What is not suprising is that the ratio of like over view (like ratio) is relatively stable, over the time. Meaning people have similar attitute towards the quality and content of the video.

## Trend of Frequency of Tokens

In [None]:
def wordmap(datafilename):
    """
    Produces a wordmap for each scraping.
    """
    print(datafilename)
    data2 = pd.read_csv(datafilename, thousands = ',', encoding = 'utf-8')
    string2 = data2.clean_text.str.split().copy()
    text2 = []
    for i in range(len(data2.title.values)):
        text2 = text2 + string2[i]

    count2 = Counter(text2)
    most_c_2 = count2.most_common().copy()
    for i in reversed(range(0,len(most_c_2)-1)):
        if len(most_c_2[i][0]) == 1:
            # print(most_c_2[i],i)
            most_c_2.remove(most_c_2[i])
    wc2 = wordcloud.WordCloud(width = 1000,max_words=500, height = 500,background_color="white",
                              collocations = True,relative_scaling=0.2).generate_from_frequencies(dict(most_c_2[1:60]))
    plt.figure(figsize=(20,10))
    plt.imshow(wc2, interpolation="bilinear")
    plt.axis("off")
    plt.show()

In [None]:
print('First Scrape on March 10')
wordmap('../data/video_clean.csv')

In [None]:
wordmap('../data/clean/' + filenamelist[0]+ '.csv')

In [None]:
wordmap('../data/clean/' + filenamelist[4]+ '.csv')

In [None]:
wordmap('../data/clean/' + filenamelist[8]+ '.csv')

In [None]:
wordmap('../data/clean/' + filenamelist[12]+ '.csv')

In [None]:
wordmap('../data/clean/' + filenamelist[16]+ '.csv')
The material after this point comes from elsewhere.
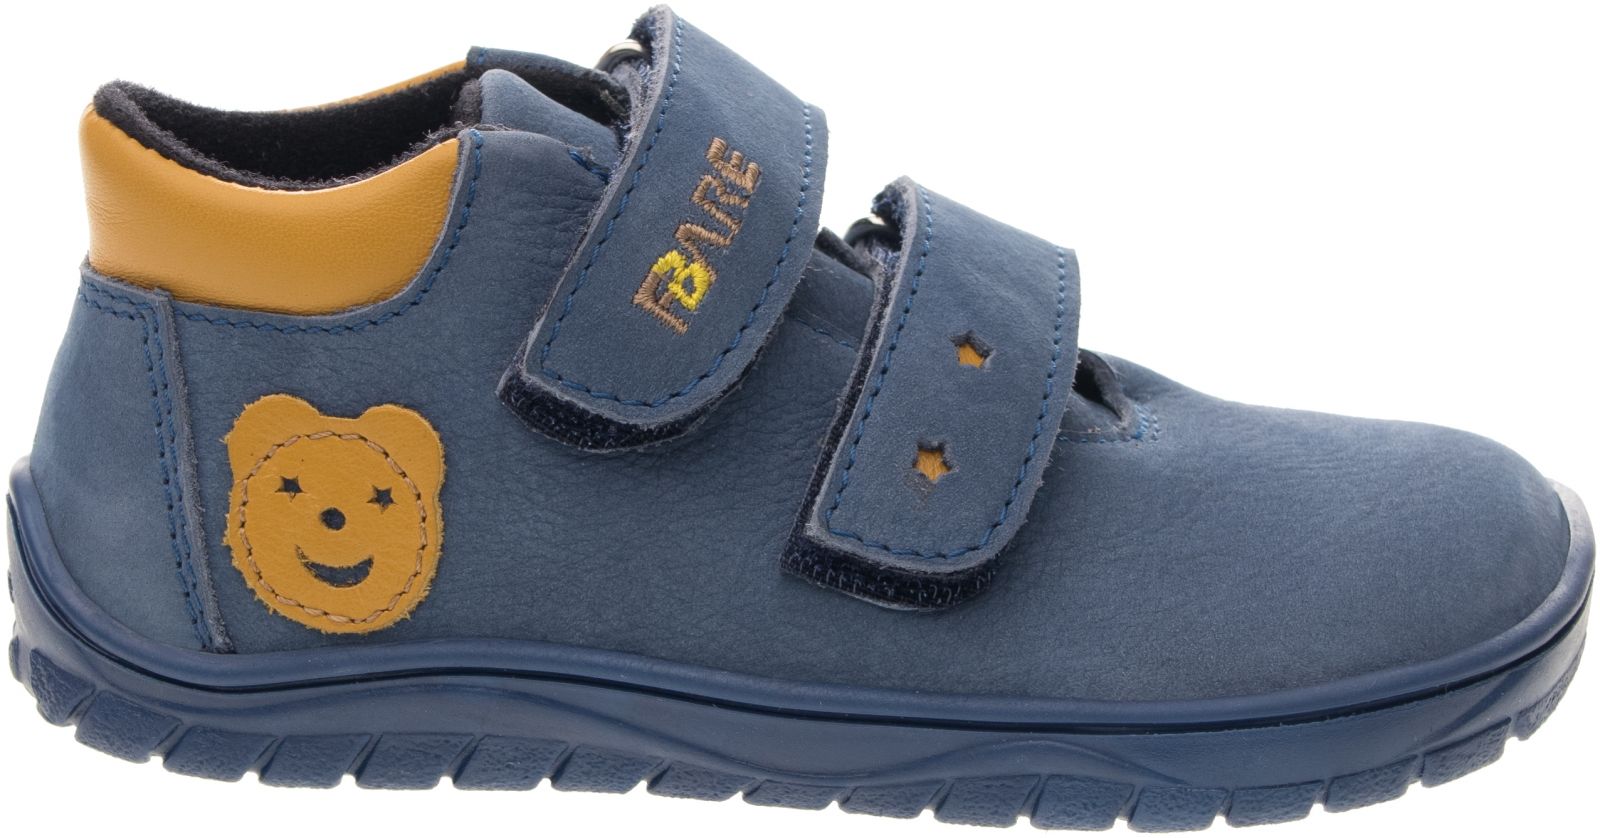 Barefoot Fare bare children's year-round shoes with membrane B5426201

We tried to see how the event evolved in these days, from March 10 to March 15.
* Most of the key words remained high frequency such as "News", "Outbreak" and "COVID(-19)". These word are essential parts of the titles of videos about coronavirus. 
* We noticed as Trump had more speeches and orders, the frequency of "Trump" generally increased. 
* As China had the pneumonia controlled, the frequency of "China" and "Wuhan" acturally decreased. 
* As the community spread become more severe in multiple positions in European countries and north America, we saw some new names of regions in the newer word maps.
* Many regions declared state of "Emergency" so this token appeared.